Input>
BEGIN
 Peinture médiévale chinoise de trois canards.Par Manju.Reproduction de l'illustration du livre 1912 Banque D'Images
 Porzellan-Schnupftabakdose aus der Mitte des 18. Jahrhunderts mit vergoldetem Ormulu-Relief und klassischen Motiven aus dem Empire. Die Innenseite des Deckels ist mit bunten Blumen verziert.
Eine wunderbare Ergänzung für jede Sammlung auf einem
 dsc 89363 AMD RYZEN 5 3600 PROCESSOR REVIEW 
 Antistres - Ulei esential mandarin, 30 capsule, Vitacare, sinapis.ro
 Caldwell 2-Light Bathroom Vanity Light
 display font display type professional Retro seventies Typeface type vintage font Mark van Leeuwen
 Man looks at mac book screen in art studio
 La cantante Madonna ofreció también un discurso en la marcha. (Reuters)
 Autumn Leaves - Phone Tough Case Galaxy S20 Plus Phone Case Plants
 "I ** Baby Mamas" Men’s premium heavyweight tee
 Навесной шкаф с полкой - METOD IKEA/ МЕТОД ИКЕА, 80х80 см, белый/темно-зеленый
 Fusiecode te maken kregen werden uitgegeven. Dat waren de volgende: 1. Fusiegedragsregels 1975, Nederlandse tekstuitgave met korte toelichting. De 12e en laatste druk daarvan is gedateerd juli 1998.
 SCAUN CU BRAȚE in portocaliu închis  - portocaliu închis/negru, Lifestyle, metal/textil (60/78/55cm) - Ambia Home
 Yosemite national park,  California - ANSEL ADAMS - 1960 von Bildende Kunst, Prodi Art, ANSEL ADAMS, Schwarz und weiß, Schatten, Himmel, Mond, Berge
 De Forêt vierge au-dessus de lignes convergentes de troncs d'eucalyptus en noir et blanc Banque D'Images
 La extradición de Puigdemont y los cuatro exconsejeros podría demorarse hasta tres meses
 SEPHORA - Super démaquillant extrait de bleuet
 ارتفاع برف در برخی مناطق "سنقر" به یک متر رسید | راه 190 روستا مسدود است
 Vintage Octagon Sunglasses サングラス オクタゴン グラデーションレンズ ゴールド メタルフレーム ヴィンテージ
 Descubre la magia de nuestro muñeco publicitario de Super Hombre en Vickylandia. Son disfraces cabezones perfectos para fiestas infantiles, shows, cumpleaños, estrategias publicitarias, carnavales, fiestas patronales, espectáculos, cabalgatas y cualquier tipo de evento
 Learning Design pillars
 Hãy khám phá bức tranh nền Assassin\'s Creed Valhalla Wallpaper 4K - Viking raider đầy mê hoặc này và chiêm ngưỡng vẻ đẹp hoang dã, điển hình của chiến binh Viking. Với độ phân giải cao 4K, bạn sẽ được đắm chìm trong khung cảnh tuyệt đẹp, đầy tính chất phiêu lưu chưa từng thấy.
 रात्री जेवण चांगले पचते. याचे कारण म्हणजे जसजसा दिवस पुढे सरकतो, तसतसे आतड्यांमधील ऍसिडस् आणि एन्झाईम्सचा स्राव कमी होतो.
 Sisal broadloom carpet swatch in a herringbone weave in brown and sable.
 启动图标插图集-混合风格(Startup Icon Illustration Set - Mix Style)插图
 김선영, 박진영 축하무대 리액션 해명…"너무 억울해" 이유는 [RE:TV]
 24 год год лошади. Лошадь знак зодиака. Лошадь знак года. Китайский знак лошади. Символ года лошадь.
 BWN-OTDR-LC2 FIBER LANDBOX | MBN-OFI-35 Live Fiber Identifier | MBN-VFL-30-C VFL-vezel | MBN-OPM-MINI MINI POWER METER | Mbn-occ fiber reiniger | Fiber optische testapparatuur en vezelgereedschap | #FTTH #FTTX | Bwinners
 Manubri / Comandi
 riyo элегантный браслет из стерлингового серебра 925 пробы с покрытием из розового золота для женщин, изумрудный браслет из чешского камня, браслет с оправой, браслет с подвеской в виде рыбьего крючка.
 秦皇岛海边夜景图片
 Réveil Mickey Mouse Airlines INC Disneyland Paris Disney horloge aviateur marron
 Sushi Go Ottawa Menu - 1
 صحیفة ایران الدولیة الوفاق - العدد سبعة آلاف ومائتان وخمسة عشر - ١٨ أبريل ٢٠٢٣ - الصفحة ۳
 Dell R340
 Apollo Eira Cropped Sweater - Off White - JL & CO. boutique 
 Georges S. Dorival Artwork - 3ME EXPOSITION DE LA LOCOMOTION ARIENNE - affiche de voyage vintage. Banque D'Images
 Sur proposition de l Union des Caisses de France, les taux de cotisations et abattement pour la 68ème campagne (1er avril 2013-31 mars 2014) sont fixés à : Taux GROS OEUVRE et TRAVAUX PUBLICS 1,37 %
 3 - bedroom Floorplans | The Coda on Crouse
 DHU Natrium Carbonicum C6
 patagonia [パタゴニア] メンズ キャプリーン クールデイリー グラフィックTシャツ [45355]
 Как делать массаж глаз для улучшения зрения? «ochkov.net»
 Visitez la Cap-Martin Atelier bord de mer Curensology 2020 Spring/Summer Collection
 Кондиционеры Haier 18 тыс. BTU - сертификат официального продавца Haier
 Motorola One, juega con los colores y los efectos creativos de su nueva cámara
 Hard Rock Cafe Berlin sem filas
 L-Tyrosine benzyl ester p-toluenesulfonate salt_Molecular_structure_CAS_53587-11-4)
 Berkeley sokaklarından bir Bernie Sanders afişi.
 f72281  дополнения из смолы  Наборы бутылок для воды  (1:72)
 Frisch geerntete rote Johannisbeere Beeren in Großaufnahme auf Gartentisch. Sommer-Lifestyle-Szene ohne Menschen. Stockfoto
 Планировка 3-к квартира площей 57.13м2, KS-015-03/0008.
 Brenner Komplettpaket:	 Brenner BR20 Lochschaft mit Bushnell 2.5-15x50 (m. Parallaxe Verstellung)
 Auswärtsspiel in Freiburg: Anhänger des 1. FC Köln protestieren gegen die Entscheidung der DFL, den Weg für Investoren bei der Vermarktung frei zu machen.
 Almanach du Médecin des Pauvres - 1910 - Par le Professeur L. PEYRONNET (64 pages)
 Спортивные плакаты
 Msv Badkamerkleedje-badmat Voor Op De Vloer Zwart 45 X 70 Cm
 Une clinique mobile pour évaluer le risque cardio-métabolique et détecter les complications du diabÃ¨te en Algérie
END
Task item>
Go through the material above and output exactly the lines from the one containing "Hard Rock Cafe Berlin sem filas" through the one containing "(m. Parallaxe Verstellung)".

Written solution>
 Hard Rock Cafe Berlin sem filas
 L-Tyrosine benzyl ester p-toluenesulfonate salt_Molecular_structure_CAS_53587-11-4)
 Berkeley sokaklarından bir Bernie Sanders afişi.
 f72281  дополнения из смолы  Наборы бутылок для воды  (1:72)
 Frisch geerntete rote Johannisbeere Beeren in Großaufnahme auf Gartentisch. Sommer-Lifestyle-Szene ohne Menschen. Stockfoto
 Планировка 3-к квартира площей 57.13м2, KS-015-03/0008.
 Brenner Komplettpaket:	 Brenner BR20 Lochschaft mit Bushnell 2.5-15x50 (m. Parallaxe Verstellung)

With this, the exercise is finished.